A SPECTROELECTROCHEMICAL STUDY OF SELECTED FLAVOPROTEINS

选定黄素蛋白的光谱电化学研究

• 批准号: 3276905
• 负责人: MARIAN T. STANKOVICH
• 金额: $ 11.52万
• 依托单位: UNIVERSITY OF MINNESOTA
• 依托单位国家: 美国
• 财政年份: 1981
• 资助国家: 美国
• 起止时间: 1981-07-01 至 1988-01-19
• 项目状态: 已结题
• 来源: https://reporter.nih.gov/project-details/3276905
• 关键词: NAD(P)H dehydrogenase; acidity /alkalinity; aminoacid oxidase; bacteria; electrical potential; electrochemistry; electron transport; enzyme structure; enzyme substrate; flavoproteins; hydroxybenzoate; oxidation reduction reaction; spectrometry; thermodynamics

Flavoproteins catalyze many important biological redox reactions. Understanding the mechanism of reaction is of primary importance.
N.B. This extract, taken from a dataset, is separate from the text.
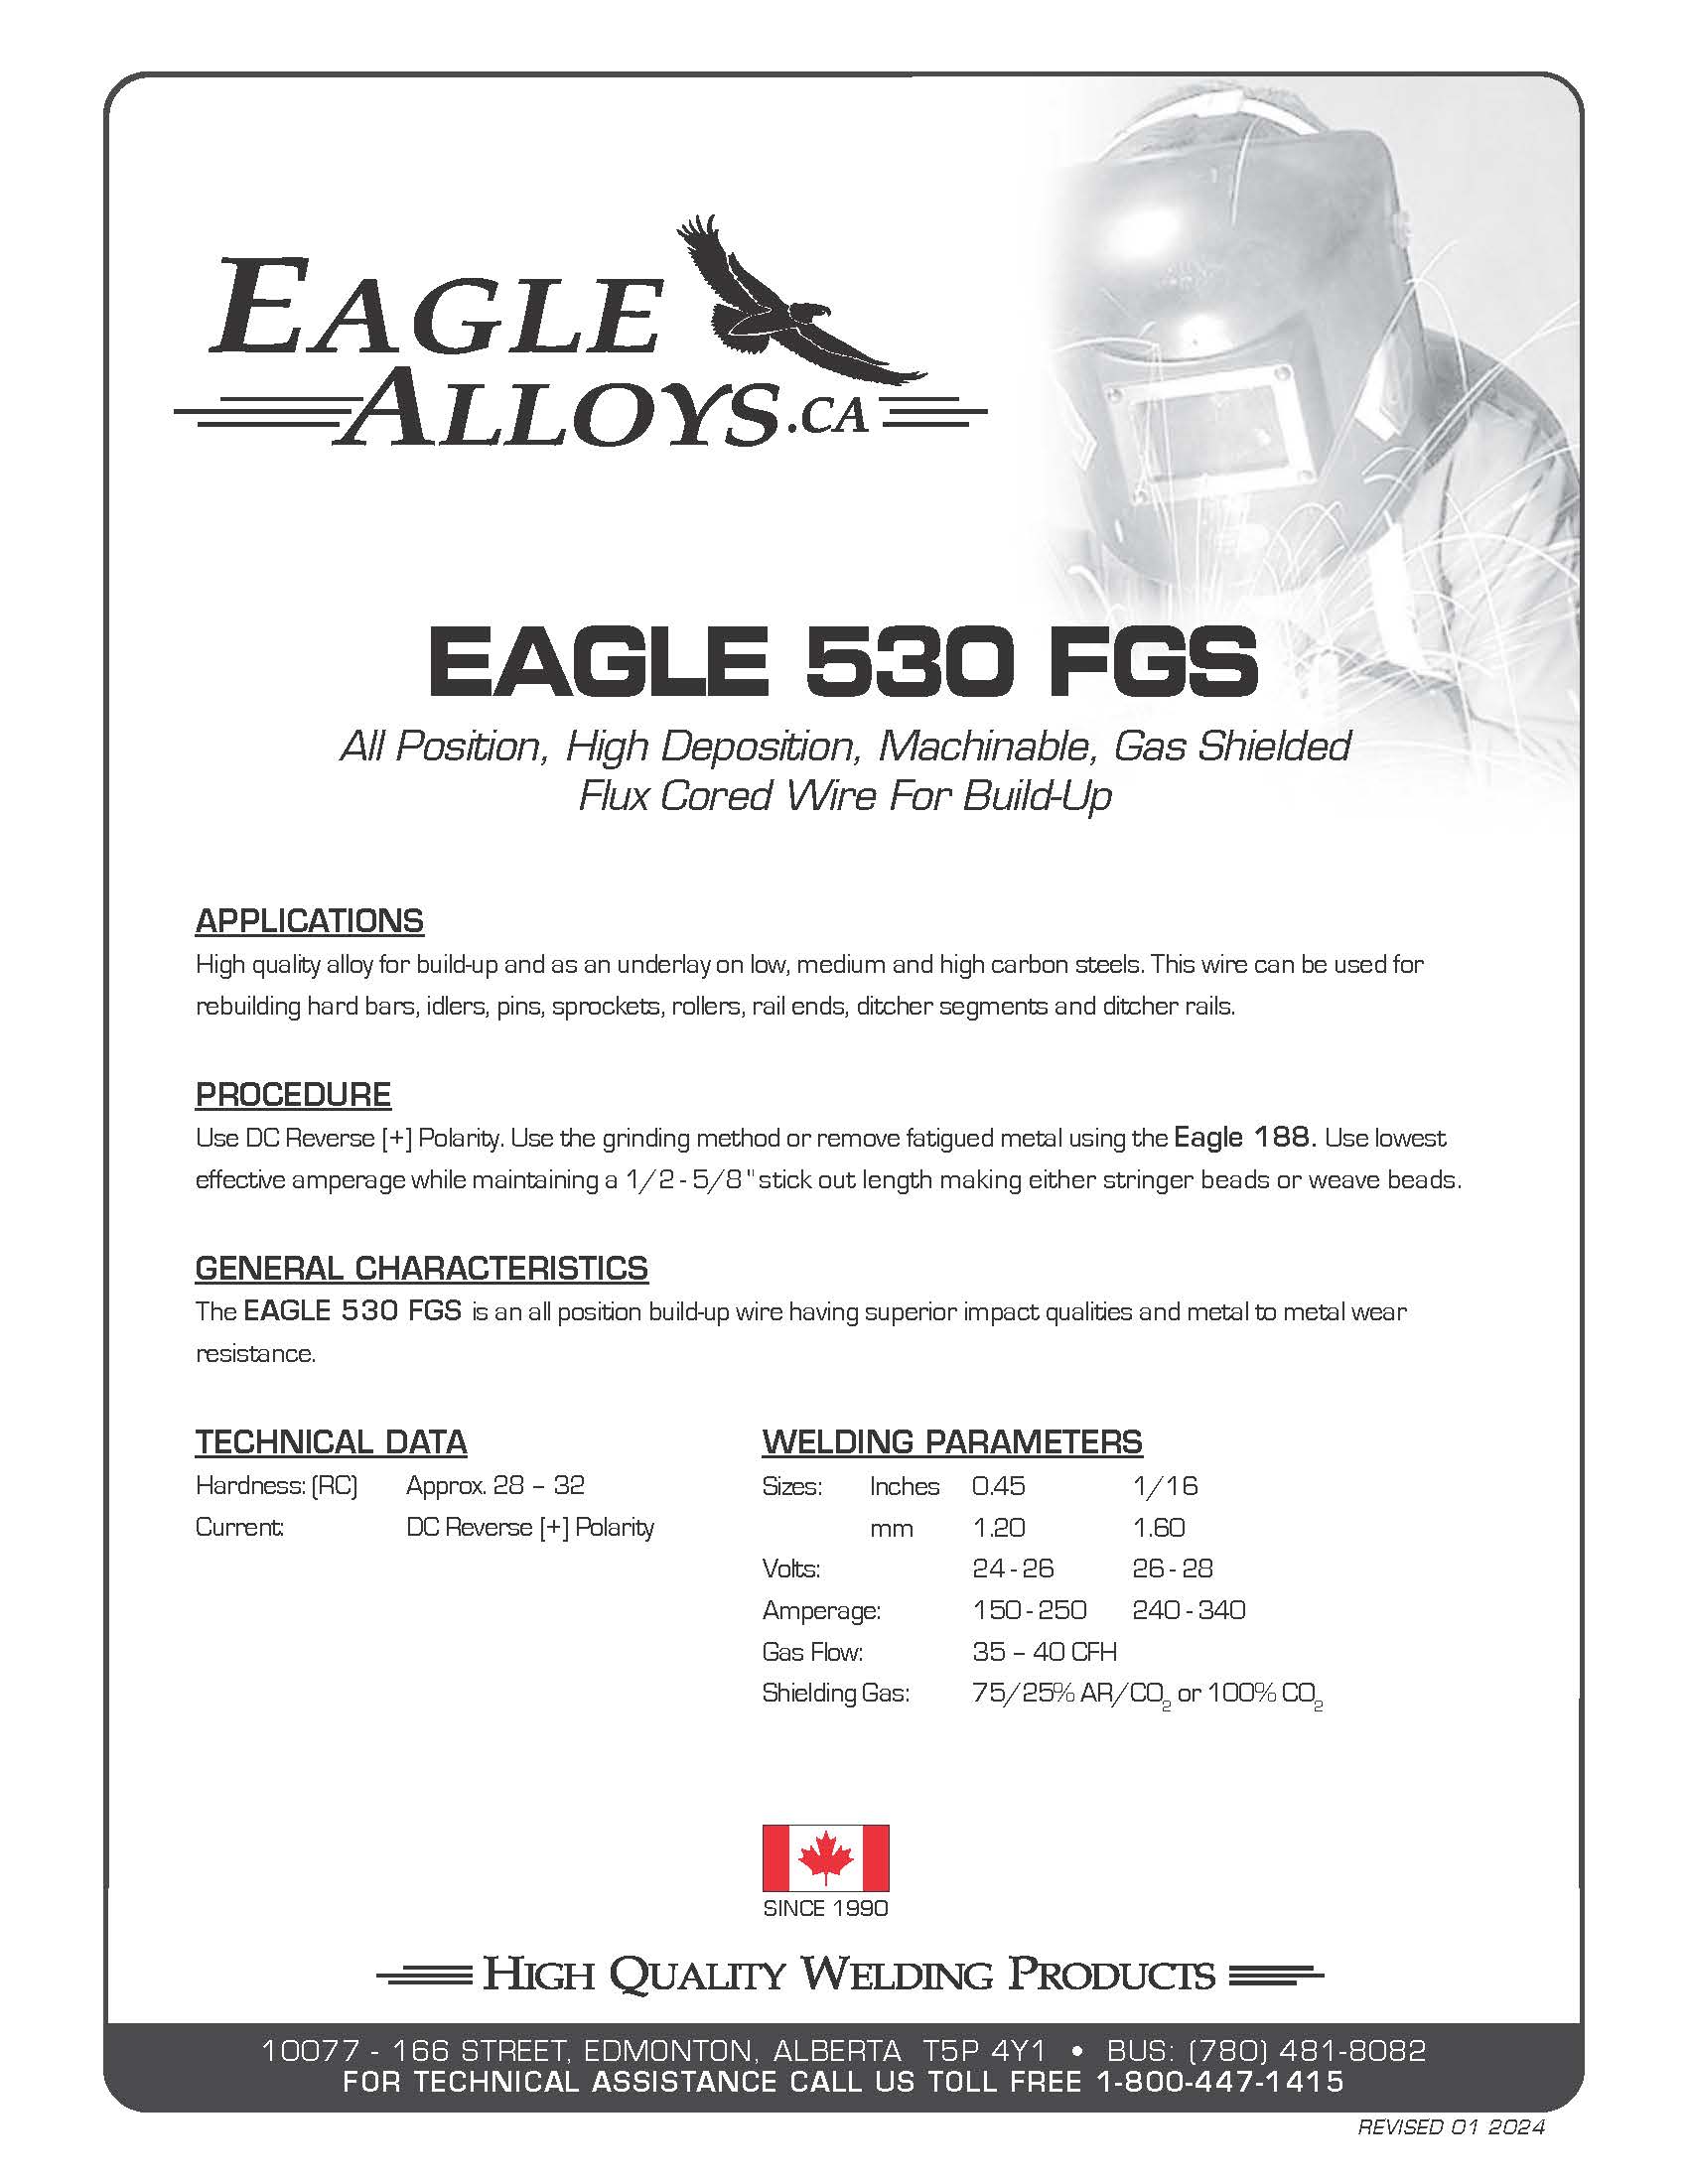 EAGLE 530 FGS | All Positions, High Deposition, Machinable Gas Shielded Flux Cored Wire For Build-Up PDF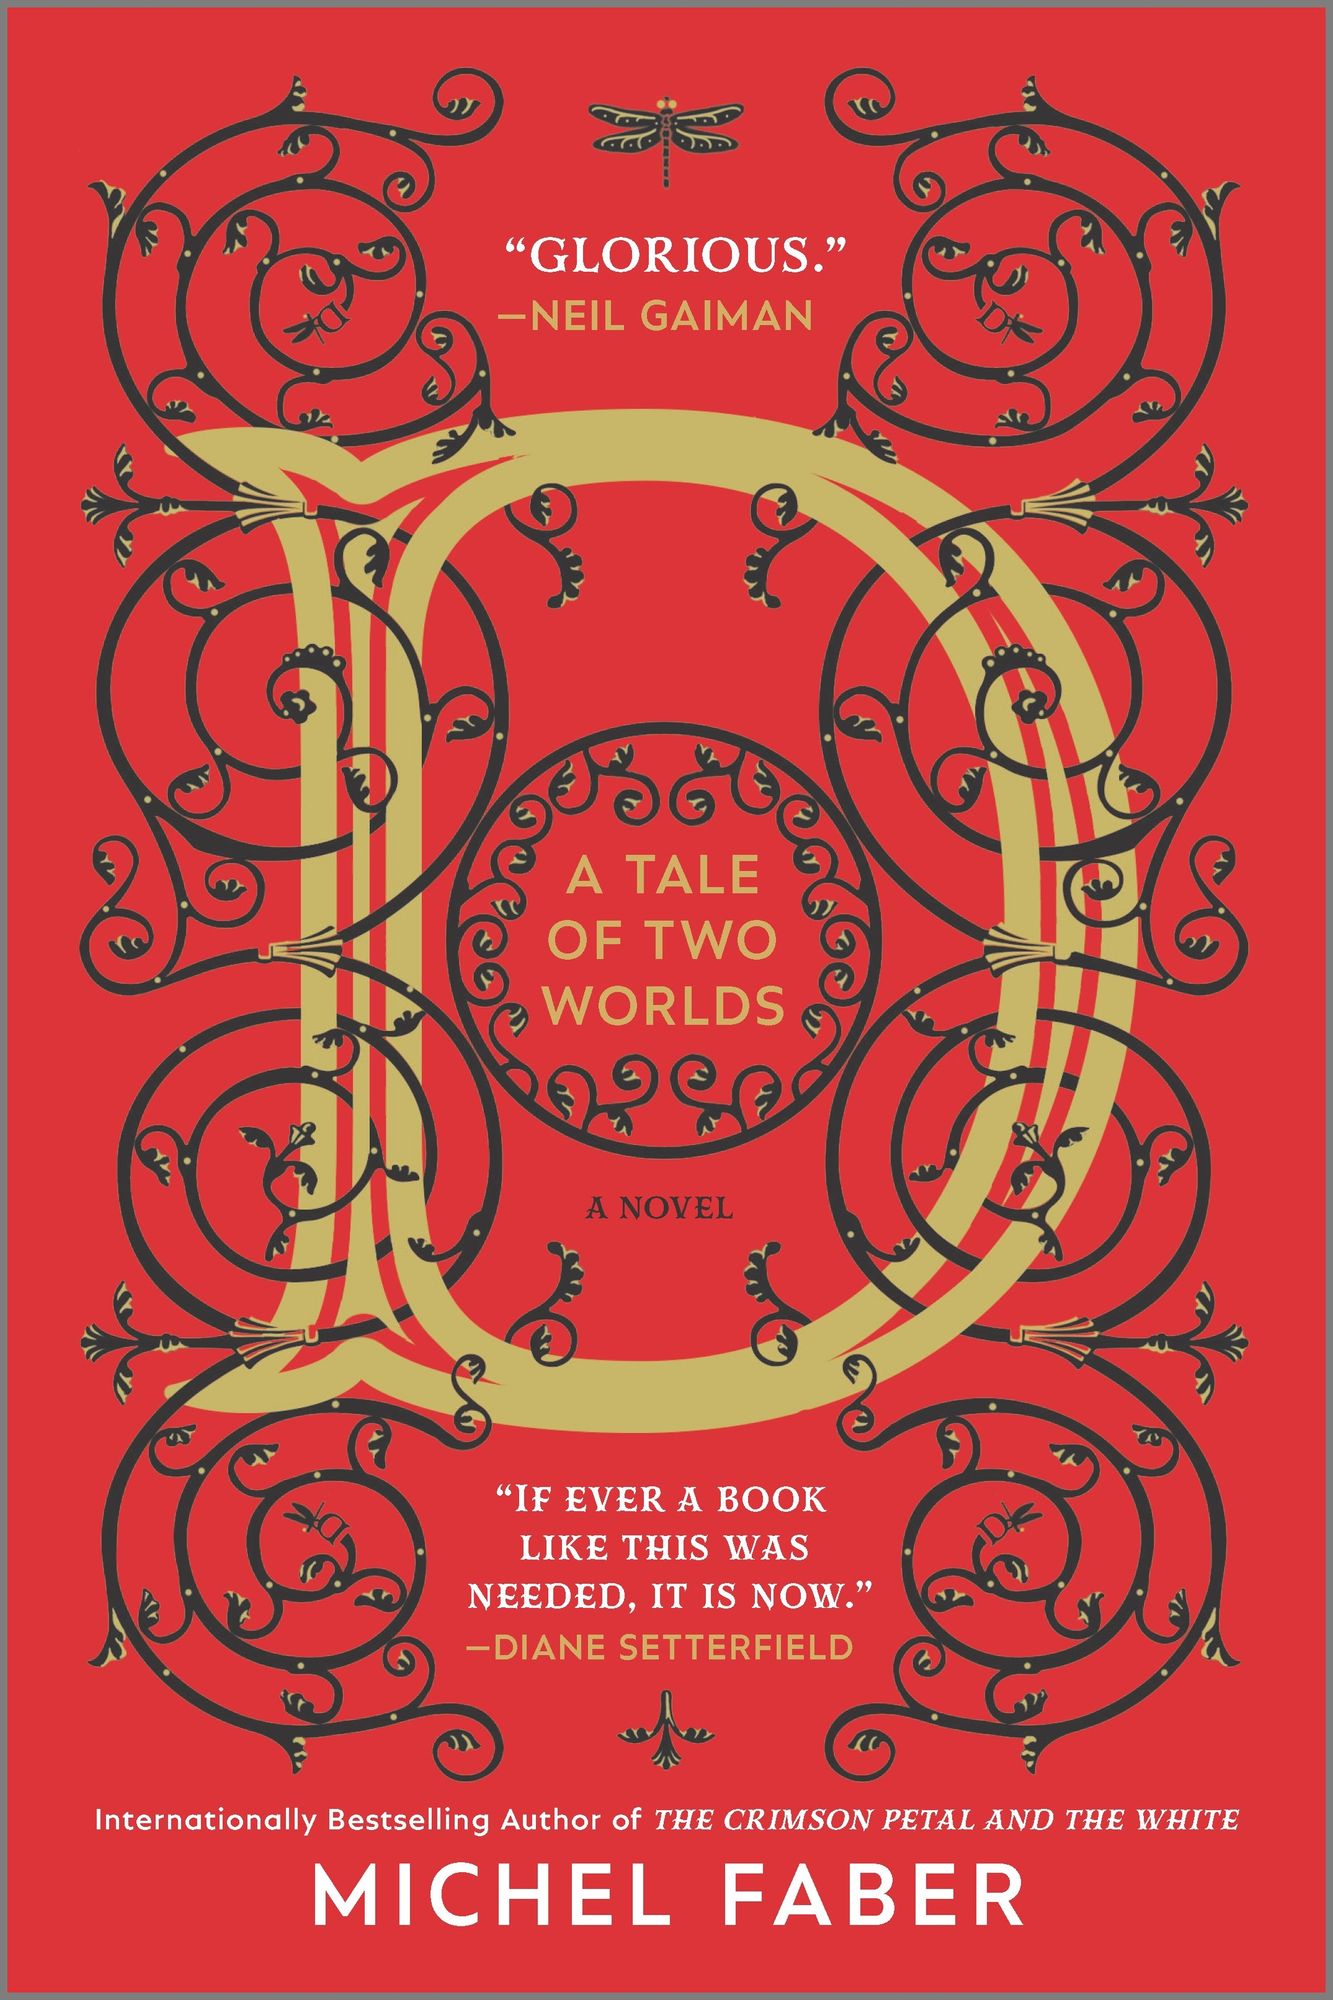 D (A Tale of Two Worlds) by Michel Faber

Because the redox potential (E') is a measure of the equilibrium energy level of the enzyme, it is important and will serve as a reference for further studies. A previous study indicates the protein matrix regulates both the redox properties and the catalytic activities of the flavin. In support of this idea the redox data, kinetic data, and structural data have been obtained for flavodoxin and glucose oxidase. Taken together this data has provided important insights into flavoprotein mechanisms. These studies stress the need for a very detailed study of redox potentials of the flavoproteins. Despite the importance of the redox properties E' and n (number of electrons transferred), no systematic study of flavoprotein redox properties has previously been made. We developed a new spectroelectrochemical method for studying the redox properties of flavoproteins. By using this method we were able to obtain the first measurements of E' and n for the flavoprotein oxidases. The redox data correlates very well with newly available structural data on these enzymes. However, it is difficult to correlate the redox data with the known catalytic mechanism for these enzymes. We now suggest a way in which the two can be related. We propose that binding of substrate to the enzyme further "tunes" the energy levels of the enzymes. If this hypothesis is correct, the E' and n values of substrate and inhibitor bound enzymes should be different from the E' and n values of the free enzymes which we have already measured. We propose to test our hypothesis by measuring the redox properties (E' and n) of both oxidases and members of the other flavoprotein classes bound to substrates and inhibitors. We will continue our systematic measurement of the free flavoprotein redox properties. Enzyme regulation by substrate binding has been determined for cytochrome P450 cam. That regulation was identified by redox potential measurements of free and substrate bound enzyme. Our own work has shown that the binding of competitive inhibitors to D-amino acid oxidase significantly alters both E' and n. Thus, we are addressing basic questions about enzyme regulation. The electrochemical method is the best method of providing answers to these questions.

黄素蛋白催化许多重要的生物氧化还原反应。 了解反应机理是至关重要的。 因为 氧化还原电位（E '）是平衡能级的量度， 酶，它是重要的，并将作为进一步的参考 问题研究 先前的研究表明，蛋白质基质调节着细胞的 氧化还原性质和催化活性。 支持 这个想法的氧化还原数据，动力学数据，和结构数据已经 获得黄素氧还蛋白和葡萄糖氧化酶。 综合这些数据， 对黄素蛋白的机制提供了重要的见解。 这些研究 强调需要非常详细的研究氧化还原电位的 黄素蛋白 尽管氧化还原性质E'和n（氧化还原的数量）是重要的， 电子转移），没有系统的研究黄素蛋白氧化还原 以前有过财产。 我们开发了一种新的 光谱电化学方法研究的氧化还原性能 黄蛋白。 通过使用这种方法，我们能够获得第一个 黄素蛋白氧化酶的E'和n的测量。 氧化还原数据 与这些新的结构数据非常吻合 内切酶 然而，很难将氧化还原数据与氧化还原数据相关联。 这些酶的已知催化机制。 我们现在提出一种方法， 这两者是有联系的。 我们认为底物与酶的结合 进一步“调谐”酶的能量水平。 如果这个假设是 正确，底物和抑制剂结合酶的E'和n值 应该不同于我们所用的游离酶的E'和n值， 已经测量过了。 我们建议通过测量氧化还原性质（E'和E'）来测试我们的假设。 n）氧化酶和其他黄素蛋白类的成员， 底物和抑制剂。 我们将继续系统地测量 游离黄素蛋白的氧化还原性质。 底物对酶的调节 已经确定了细胞色素P450 cam的结合。 这一规定是 通过游离和底物结合的氧化还原电位测量确定 酵素 我们自己的研究表明竞争性抑制剂的结合 对D-氨基酸氧化酶的反应显著改变E'和n。 因此，我们 解决酶调节的基本问题。 电化学 方法是回答这些问题的最佳方法。